TASK TO CARRY OUT:
An image-free reproduction of the data below is needed: print it exactly.

DATASET EXTRACT:
BEGIN

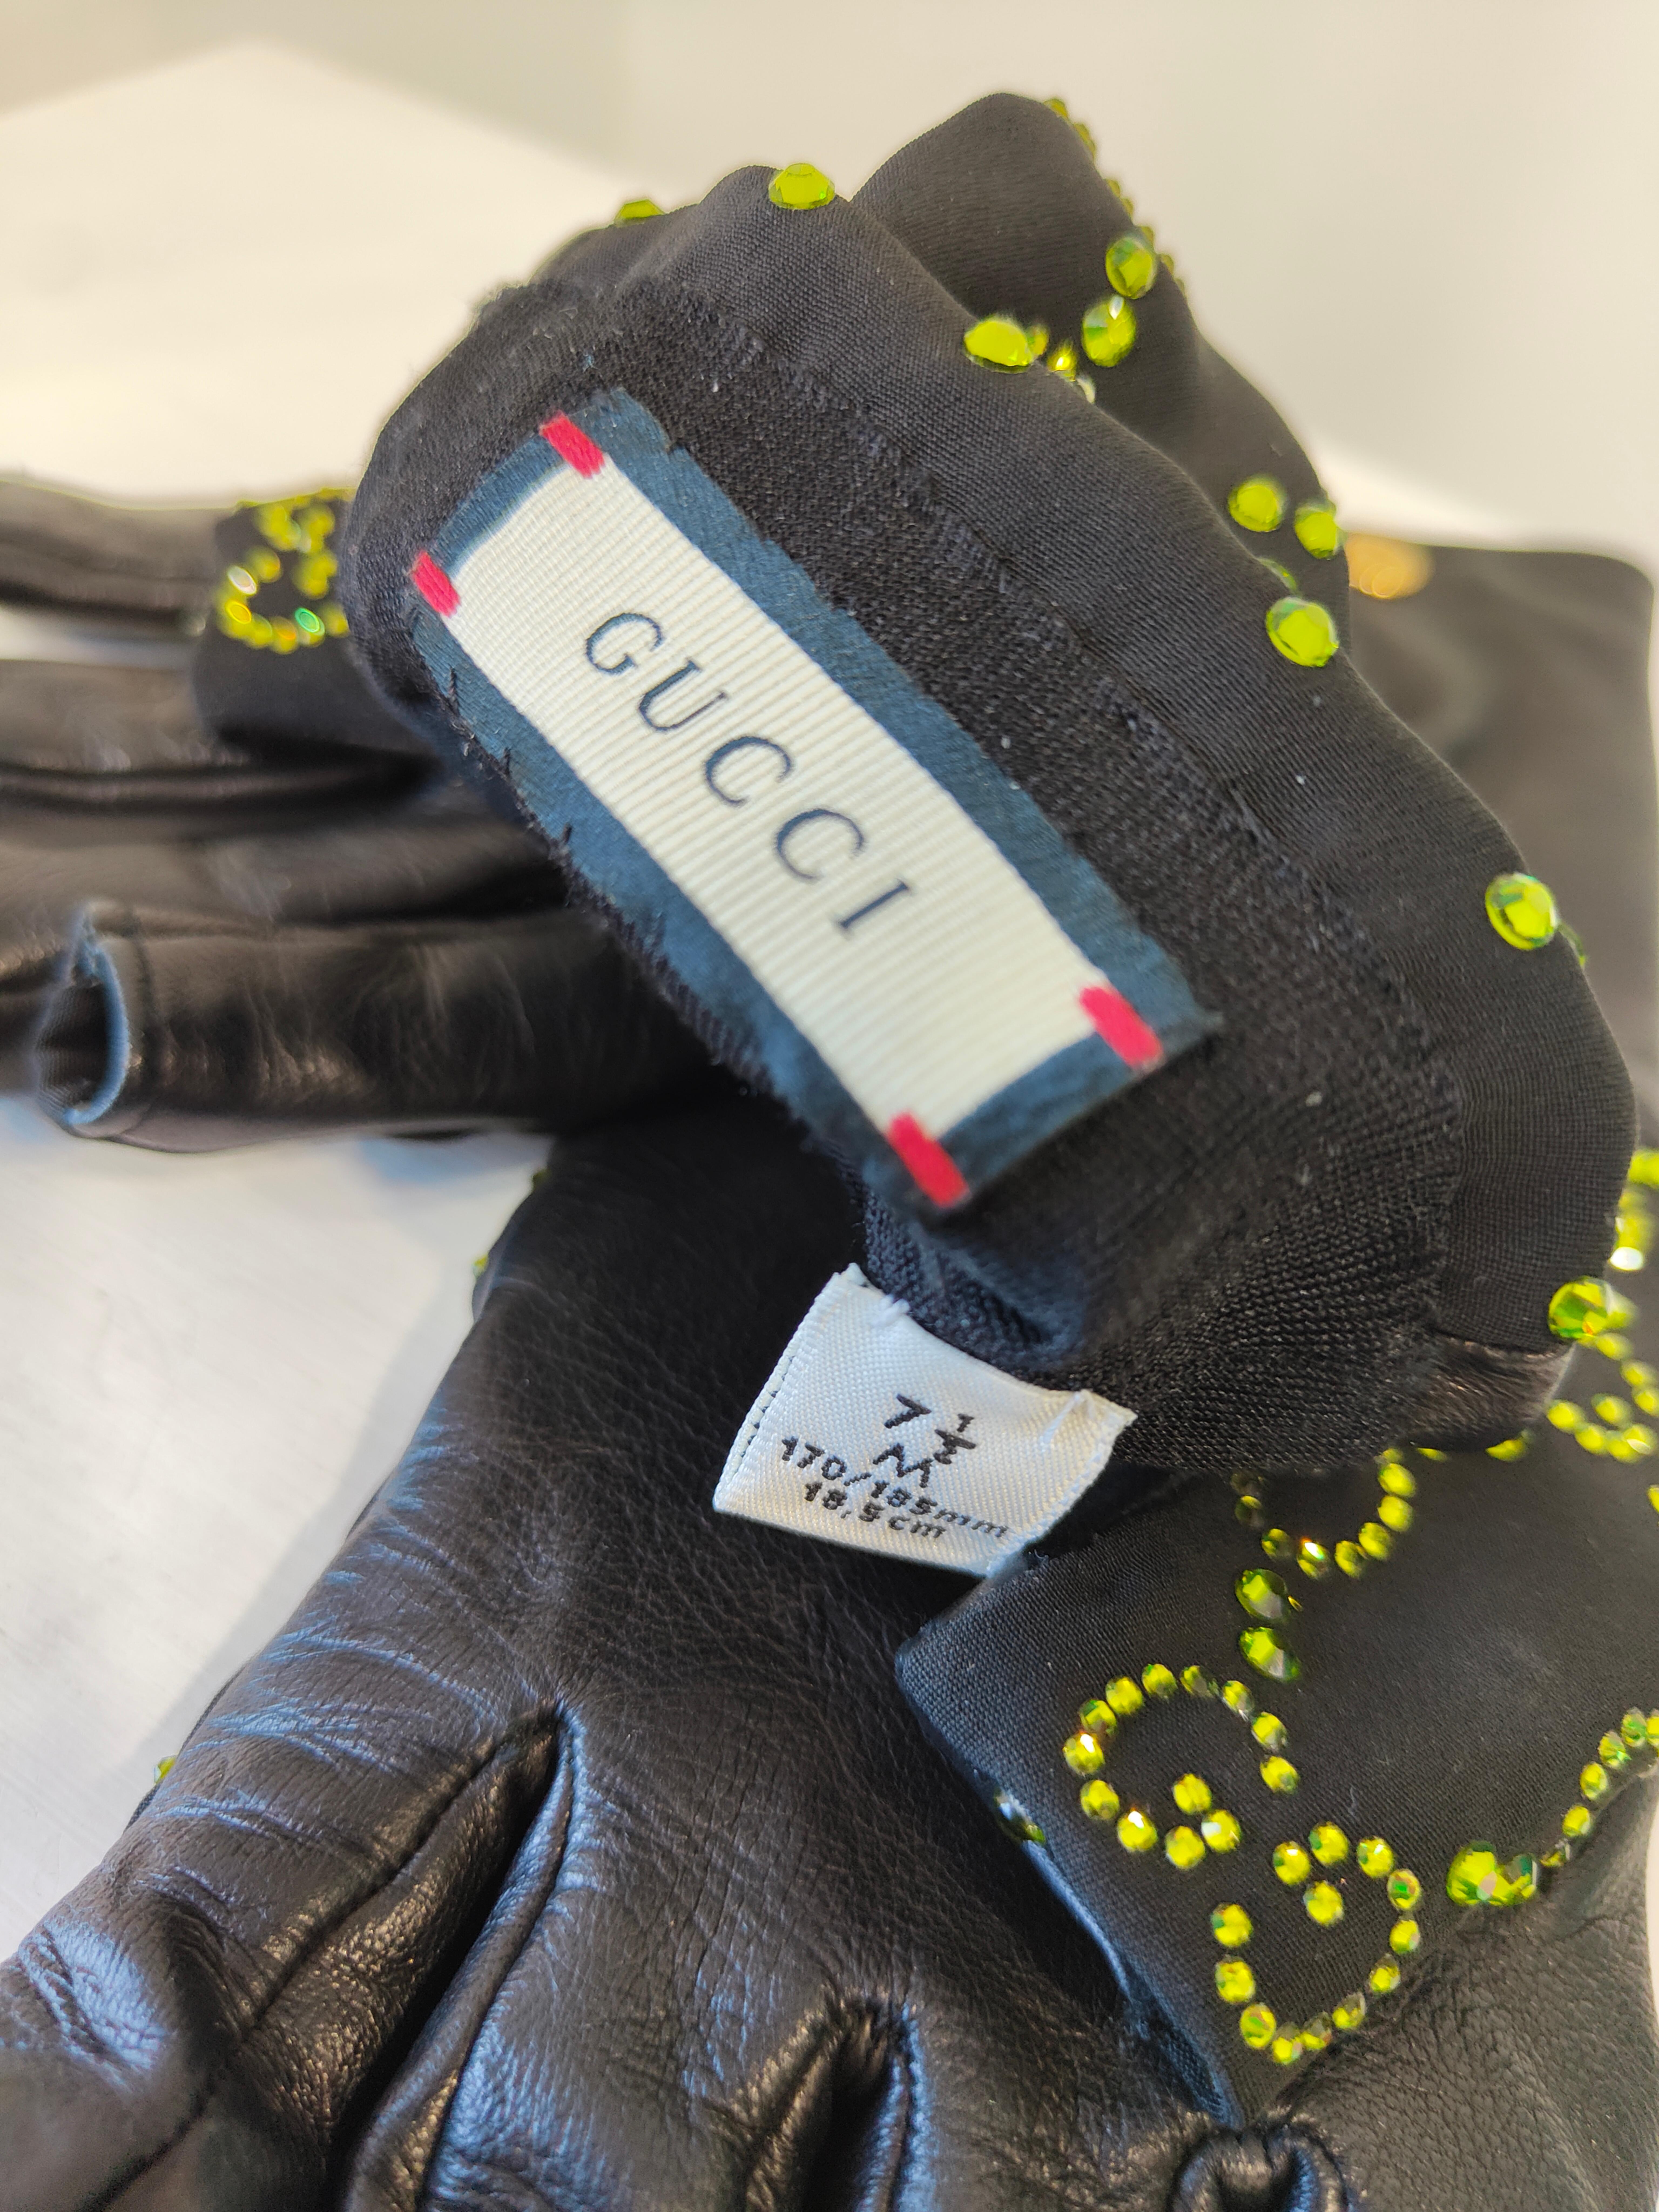 Gucci for Billie Eilish limited edition black leather green Swarovski gloves
Totally made in Italy in size 7/
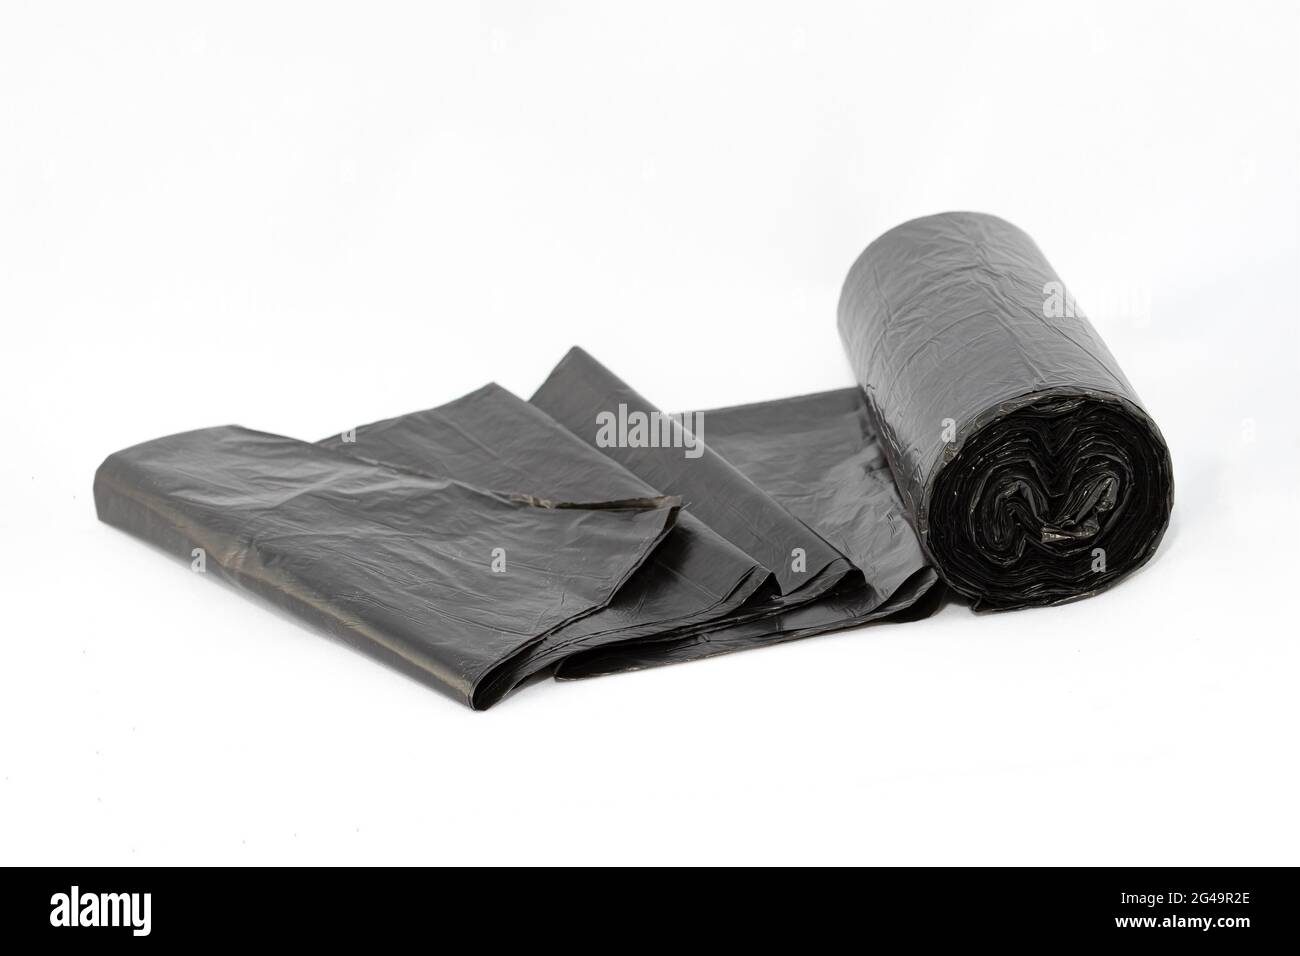 https://c8.alamy.com/comp/2G49R2E/black-polyethylene-garbage-bags-on-white-background-close-up-the-roll-of-plastic-junk-package-2G49R2E.jpg
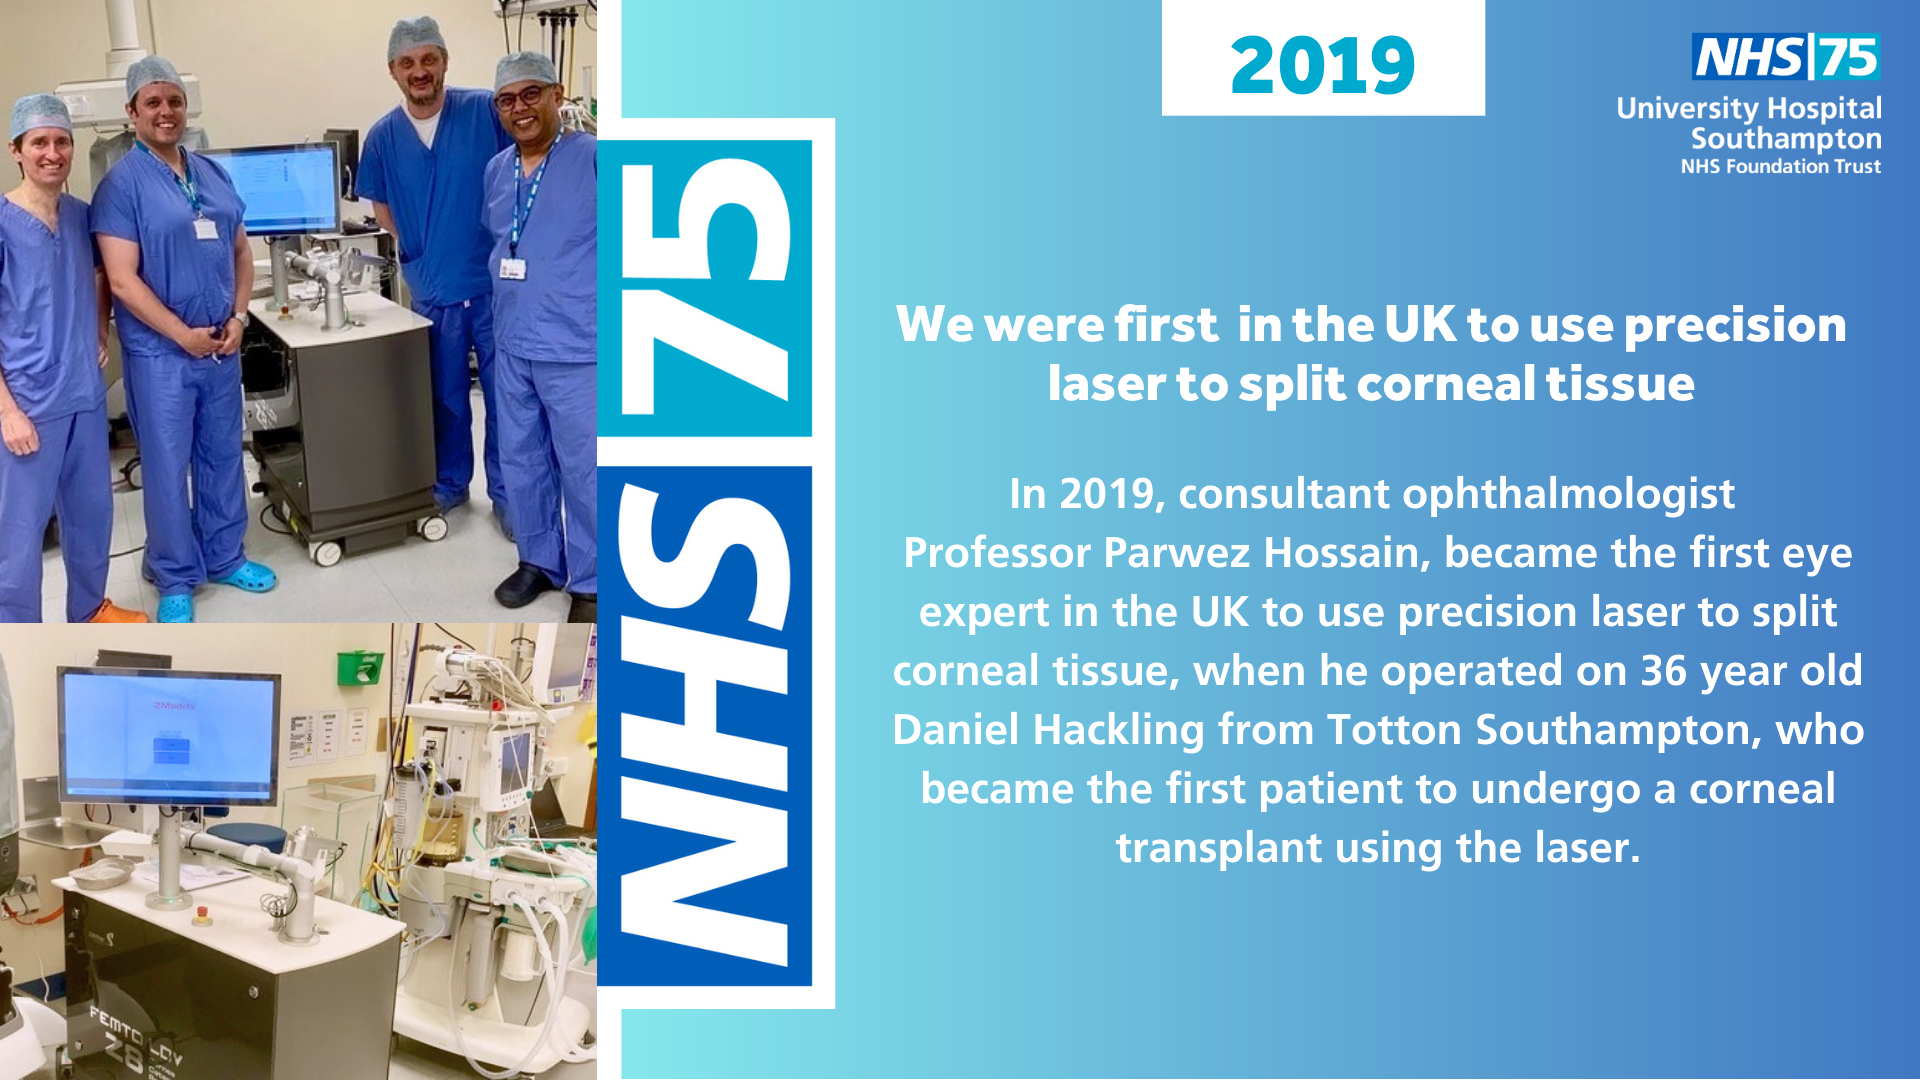 We were first in the UK to use precision laser to split corneal tissue

END

THE ANSWER:
 Gucci for Billie Eilish limited edition black leather green Swarovski gloves
Totally made in Italy in size 7/
 https://c8.alamy.com/comp/2G49R2E/black-polyethylene-garbage-bags-on-white-background-close-up-the-roll-of-plastic-junk-package-2G49R2E.jpg
 We were first in the UK to use precision laser to split corneal tissue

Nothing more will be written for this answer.